Whether you’re on desktop or mobile, if you’re on Facebook and see one of these new 360-degree videos published by media outlets, you can tap, click, or drag the video to change your viewing angle and see the action happening all around you.
But you may still be wondering: just how does this new 360-degree video work? Facebook answered that question with a post on the company’s Code website for software developers. In it, Facebook’s Evgeny Kuzyakov and David Pio explain how they went about creating the new video format for Facebook, the challenges they ran into, and how they overcame them.
“To create a 360 video, either you use a special set of cameras to record all 360 degrees of a scene simultaneously or you have to stitch together angles from, say, four GoPros on a stick.
We were excited to roll out 360 video for News Feed recently. With 360 video, you can choose which angle you want to view the video from. It’s like turning your head to look around a room — you control the perspective.
Under the hood: Building 360 degree video.
It’s an immersive addition to the ways that people can share and connect on Facebook, but it was a launch with an abundance of technical challenges to overcome. From mammoth incoming raw file sizes to warped, stitched-together imagery, 360 video is a generous playground for an engineer looking to solve a broad set of challenges. Here’s how we approached building this experience.
The problem with equirectangular layouts
The first thing we wanted to tackle was a drawback of the traditional layout used for 360 videos, called an equirectangular layout. The problem is that this layout can contain redundant information at either end. Think of it in terms of a map of the globe. Antarctica is really a circular landmass, not a drawn-out linear one. How you display the map affects how much extra Antarctica there is in the image.
We found our solution to this problem by remapping equirectangular projection layouts to cube maps.
Cube map solution
Cube map projection is a combination of six faces of the cube. Cube maps have been used in computer graphics for a long time, mostly to create skyboxes (six-sided cubes that are drawn behind all graphics) and reflections. There are a few benefits of using cube maps for videos:
- Cube maps don’t have geometry distortion within the faces. So each face looks exactly as if you were looking at the object head-on with a perspective camera, which warps or transforms an object and its surrounding area. This is important because video codecs assume motion vectors as straight lines. And that’s why it encodes better than with bended motions in equirectangular.
- Cube maps’ pixels are well-distributed — each face is equally important. There are no poles as in equirectangular projection, which contains redundant information.
- Cube maps are easier to project. Each face is mapped only on the corresponding face of the cube.
In order to implement our transformation from equirectangular layout to cube map, we created a custom video filter that uses multiple-point projection on every equirectangular pixel to calculate the appropriate value for every cube map pixel. That’s a lot of calculations. As an example, a 10-minute 360 video has 300 billion pixels that have to be mapped and stretched all over the cube.
- We do this by transforming the top 25 percent of the equirectangular video to one cube face and the bottom 25 percent to another cube face. The middle 50 percent is converted to four cube faces. Later, we realign cube faces and put them in two rows (but the actual order is not important). The cube map output contains the same information as the equirectangular input, but it contains 25 percent fewer pixels per frame, an efficiency that matters when you’re working at Facebook’s scale.
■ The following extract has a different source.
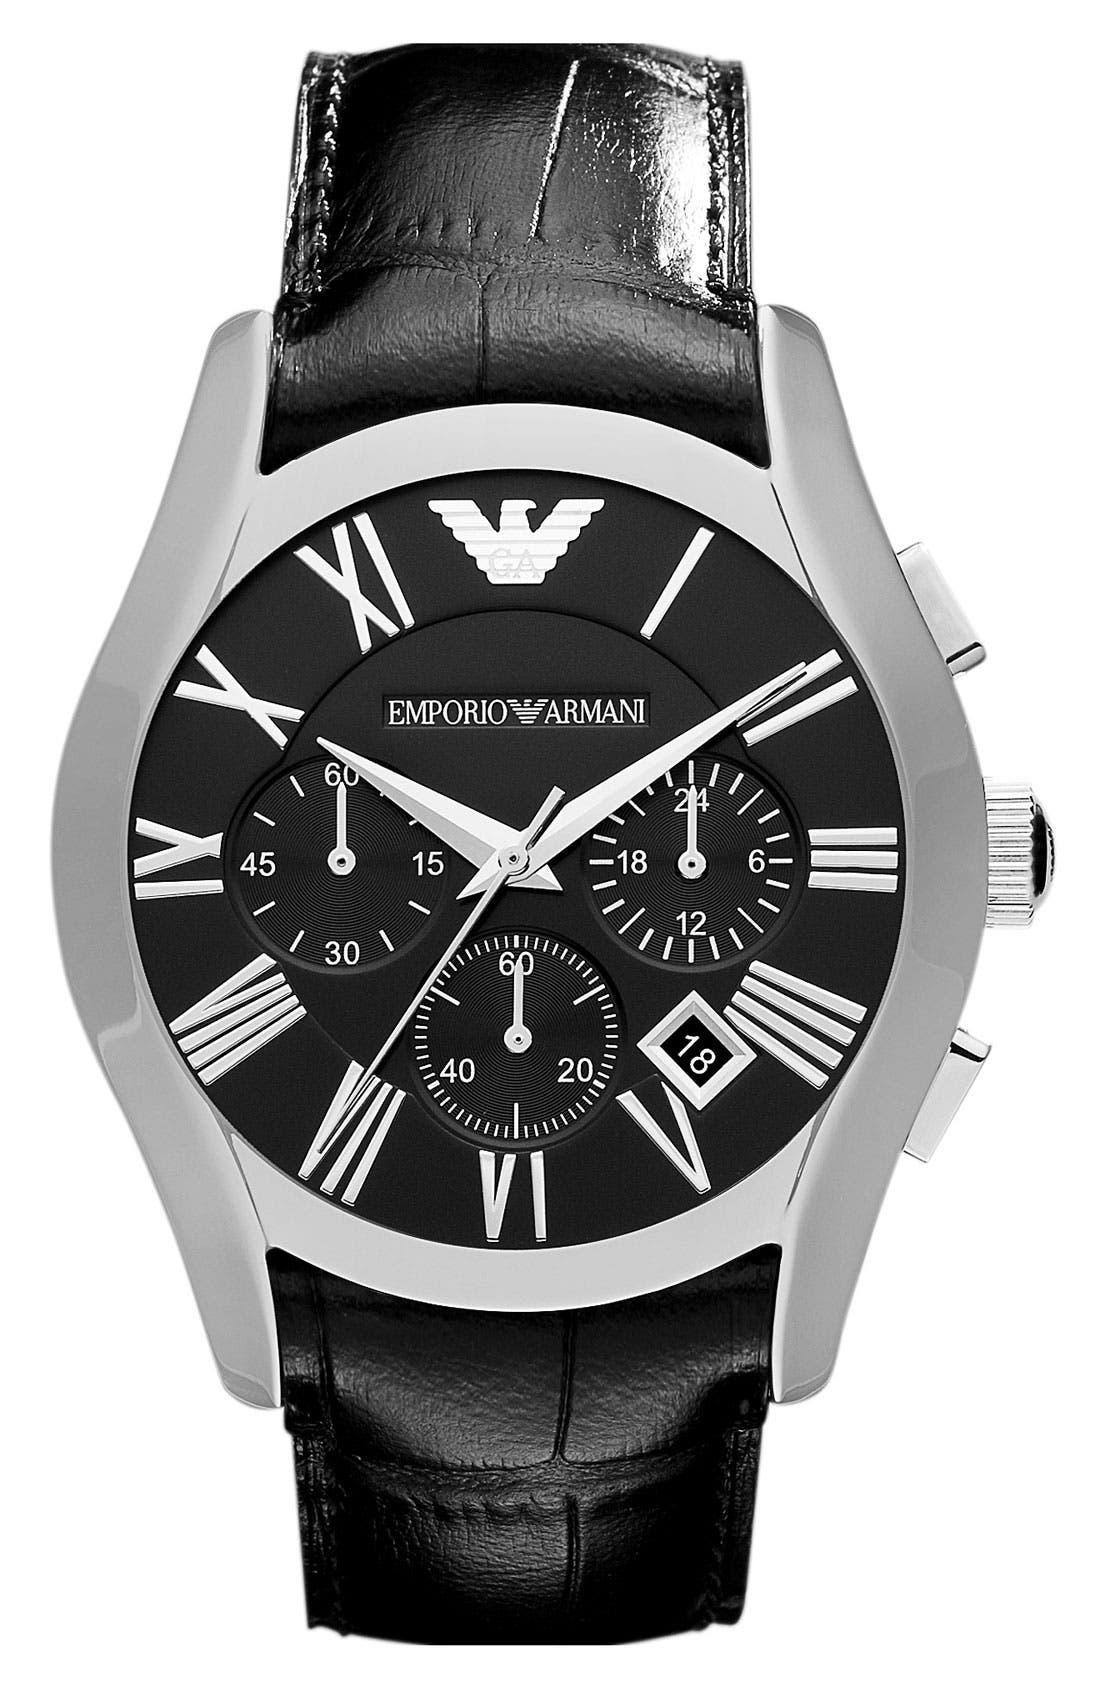 Main Image - Emporio Armani 'Classic' Round Chronograph Watch

Simply put, to convert videos, for each frame, we:
- Put a sphere inside a cube.
- Wrap an equirectangular image of this frame on the sphere.
- Expand this sphere in every direction until it fills in the cube.
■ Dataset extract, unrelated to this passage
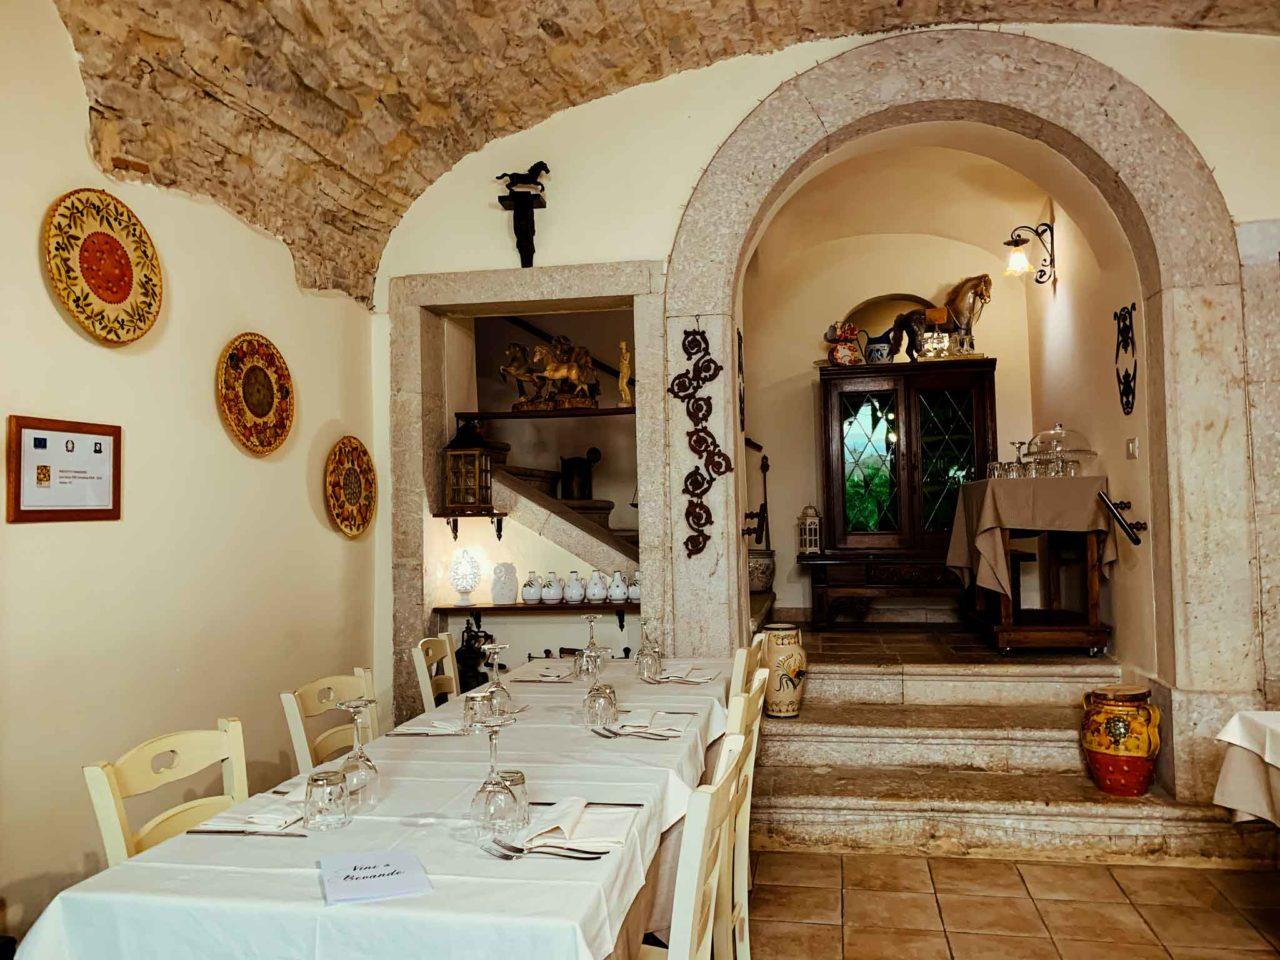 ristorante Nel Portone Apice Benevento ingresso

Dealing with bit rate, file size, and encoding
Let’s take a moment to think about how big these files can be. To create a 360 video, either you use a special set of cameras to record all 360 degrees of a scene simultaneously or you have to stitch together angles from, say, four GoPros on a stick. Incoming 360 video files are 4K and higher, at bit rates that can be over 50 Mb per second — that’s 22 GB per hour of footage. And 3D 360 Stereo videos are twice that — 44 GB for an hour of footage. We tried to do a few things when working with file size: We wanted to decrease the bit rate and save storage, but we wanted to do it quickly so people wouldn’t have to wait for the video, and we didn’t want to compromise the video quality or resolution.
Part of this work was accomplished in the custom video filter we applied; we also attacked it during the encoding process. Videos are sent to us in every format imaginable. Chopping a video up, processing it on multiple machines, and stitching it back together without any glitches or loss of audiovisual synchronization is tricky. This is conceptually simple but difficult in practice. In order to process large 360 videos in a reasonable length of time, we use distributed encoding to split the encoding process across many machines.
We use a dedicated tier of machines for this work and are lucky to be able to leverage Facebook’s extensible infrastructure to distribute the workload. We created a custom video filter to process the 360 videos because a typical video-processing job is very different from this workload. These processing jobs have a long duration and are CPU and memory intensive, but they aren’t very I/O intensive, so we optimized our task-loading and hardware for this work.